Dr. Kegel: Auch in der Feldbustechnik sind wir mittlerweile Marktführer für eigensichere Feldbus-Installation geworden und viele unserer Kunden bemängeln, dass wir mit unserer „High Power Trunk“-Philosophie zwei elektrische Explosionsschutzarten ex-e und ex-i mischen. Mit DART werden bei vergleichbaren Leistungsdaten sowohl der „Trunk“ (Verbindung vom Host zur Field Barrier) als auch die „Spurs“ (Verbindung von der Field Barrier zum Feldgerät) eigensicher. Da wir den durch das Gehäuse vorgegebenen Formfaktor aber nicht ändern wollten, haben wir hier die DART-Parameter auf 25 V/360 mA beschränkt.

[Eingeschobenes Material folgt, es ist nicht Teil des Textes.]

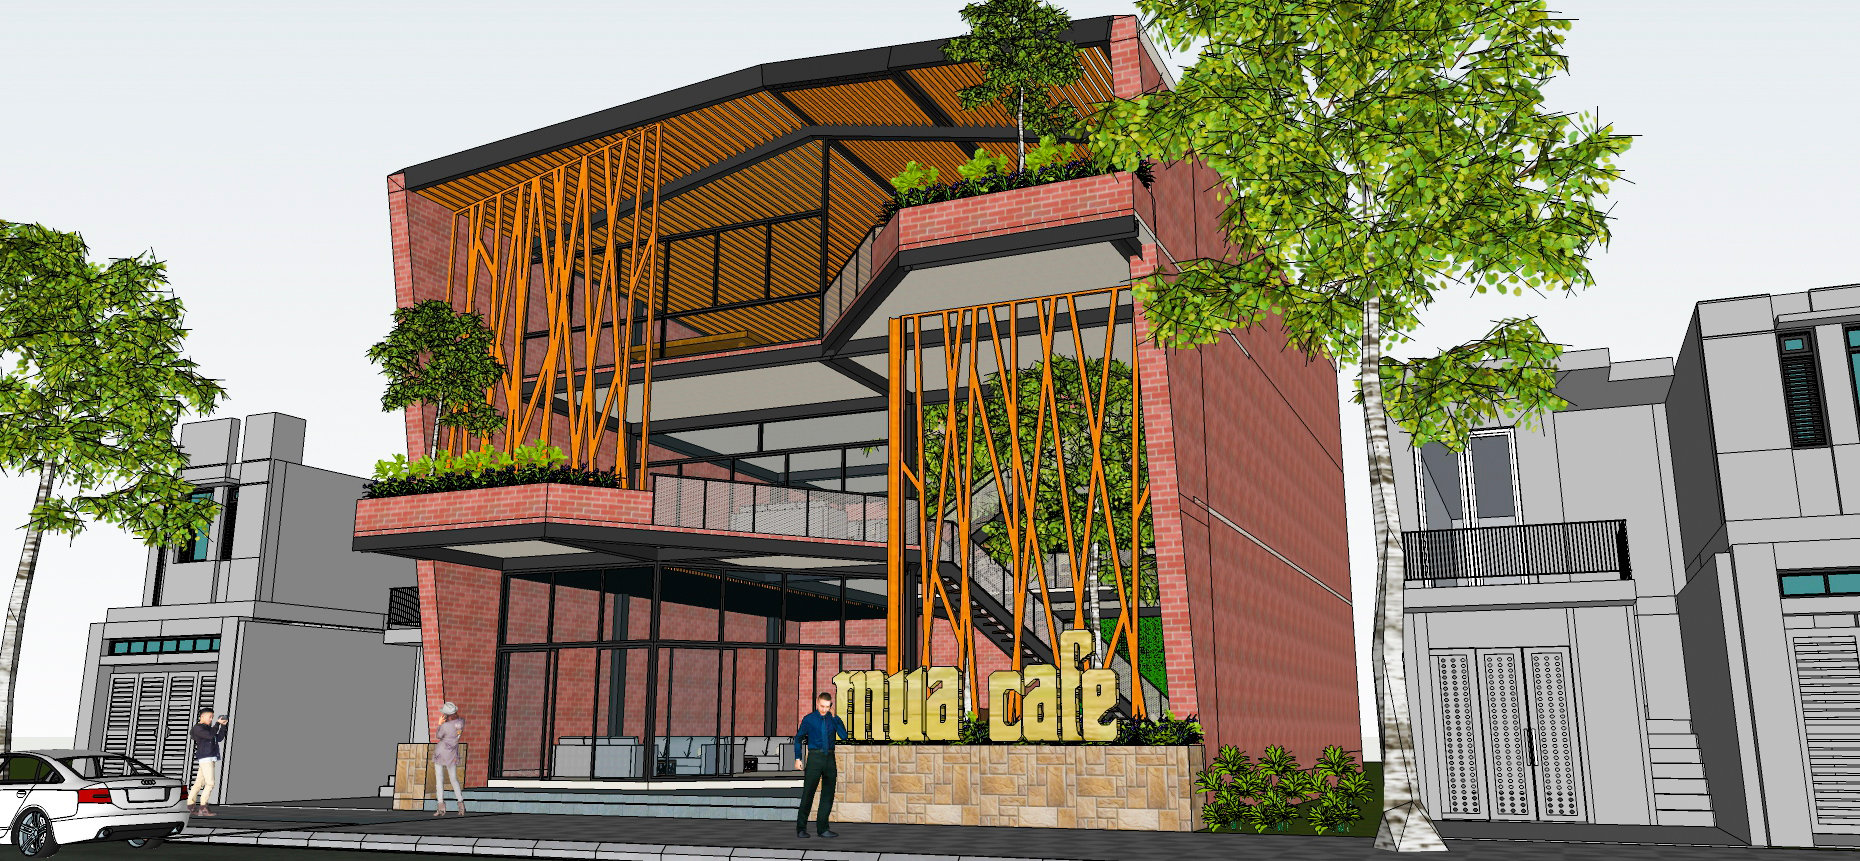 thiết kế nội thất Cafe tại Hà Tĩnh Dự Án Cafe Bằng kết cấu thép 2 1560260328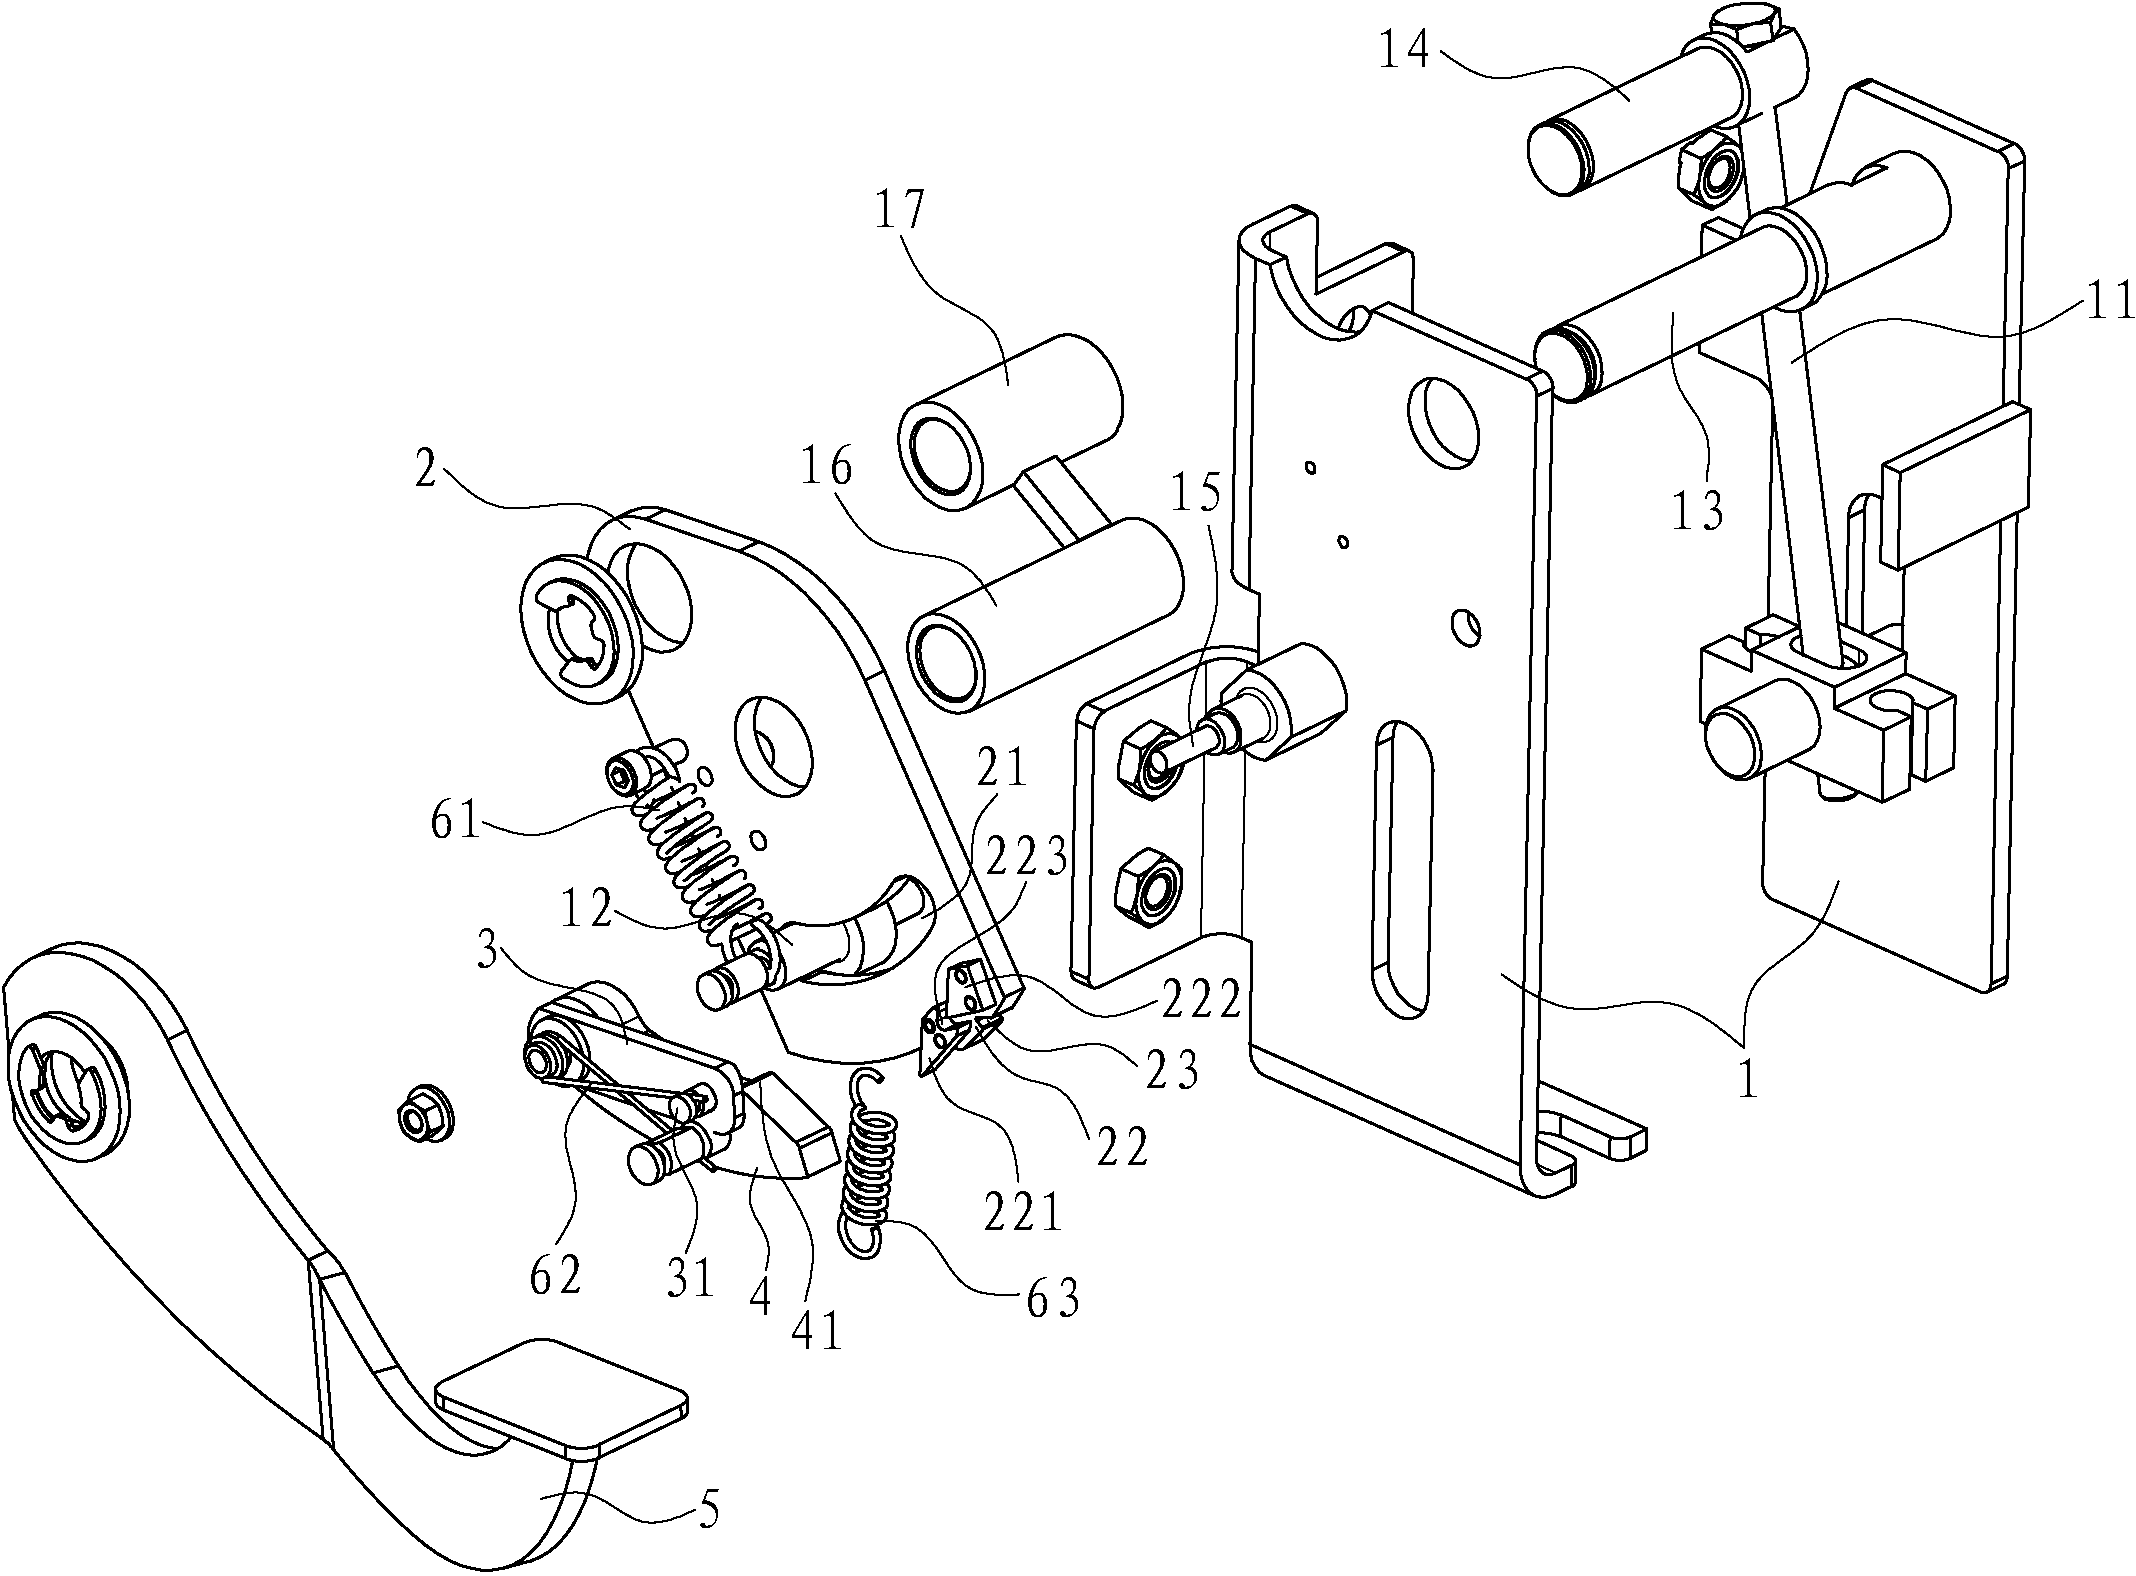 Foot parking braking and unlocking mechanism

Dass die neue Technologie noch viel mehr kann, zeigen wir mit einem eigensicheren 50 Watt High Power DART-Einsspeisebaustein, der eigensichere DART-Geräte unterschiedlicher Hersteller eigensicher versorgt.

PROCESS: Können weitere Segmente folgen?

Dr. Kegel: Mit Sicherheit werden andere Segmente folgen, aber das hängt natürlich sehr stark von den Geräteherstellern ab, die die DART-Technologie nutzen wollen.

PROCESS: Gibt es Applikationen bei denen der Einsatz der DART-Technologie keinen Sinn macht?

Dr. Kegel: DART ist nur eine Möglichkeit des elektronischen Explosionsschutzes, der durch die hohe verfügbare Leistung viele neue Applikationen erschließt. Geräte, die beispielsweise druckfest gekapselt sind, können durchaus noch immer sinnvoll sein, wenn zum Beispiel der mechanische Schutz aus anderen Gründen ohnehin erforderlich ist.

PROCESS: Welche Entwicklung kann oder soll Ihre Neuentwicklung jetzt in der Ausrüsterindustrie auslösen?

Dr. Kegel: Wir reden zurzeit mit einer ganzen Reihe von Herstellern, die hoffentlich sinnvoll Einsätze von DART in ihren Geräten identifizieren und mit uns gemeinsam die Implementierung vorantreiben.

PROCESS: Können Sie die Kostenersparnis durch die neue Technologie für Anwender schon beziffern?

Dr. Kegel: Wenn Sie heute zum Beispiel eine Bedienstation mit Display und Tastatur in Zone 1 betreiben wollen, ist dazu eine aufwändige Kapselung notwendig, die auch an die Gehäusekonstruktion erhöhte Anforderungen stellt. Zwischen einer Bedienstation im sicheren Bereich und der Zone-1-Ausführung liegt deshalb ein Preisfaktor von drei bis vier. Die Hälfte dieser Mehrkosten könnte man, so schätzen wir, mit DART einsparen.

PROCESS: Sie haben angekündigt die DART-Technologie gegebenenfalls in einer Foundation zu öffnen. Warum wollen Sie sich den Wettbewerbsvorteil nicht alleine sichern?

Dr. Kegel: Bei DART handelt es sich eine grundlegende Technologie, die sich nur durchsetzen wird, wenn möglichst viele Anbieter Lösungen in den Markt bringen, die auf dieser Technologie aufsetzen. Anwender machen sich technologisch nur sehr ungern von einem einzigen Lieferanten abhängig. Ob eine Foundation oder ein Lizenzmodell hier der richtige Weg ist, wissen wir noch nicht.

PROCESS: Können Sie sich auch einen DART-User-Club vorstellen?

Dr. Kegel: Warum nicht – den Anwender in Produktentwicklungen einzubinden, ist immer ratsam, wenn man Akzeptanzprobleme vermeiden will und in den Design-Prozess von Beginn an eine gewisse Anwendungsnähe hineinbringen möchte.

PROCESS: Wie schnell kann sich diese neue Technologie aus Ihrer Sicht als Standard im Markt eta-blieren?

Dr. Kegel: Endgültig wird DART zum Standard, wenn die entsprechenden Normen diesbezüglich erweitert sind. Die europäische Atex-Richtlinie und die dazu korrespondierenden Normen werden im Zyklus von etwa drei Jahren überarbeitet. Spätestens dann ist DART auch ein international anerkannter Standard.

PROCESS: Herr Dr. Kegel, wir danken für das Gespräch.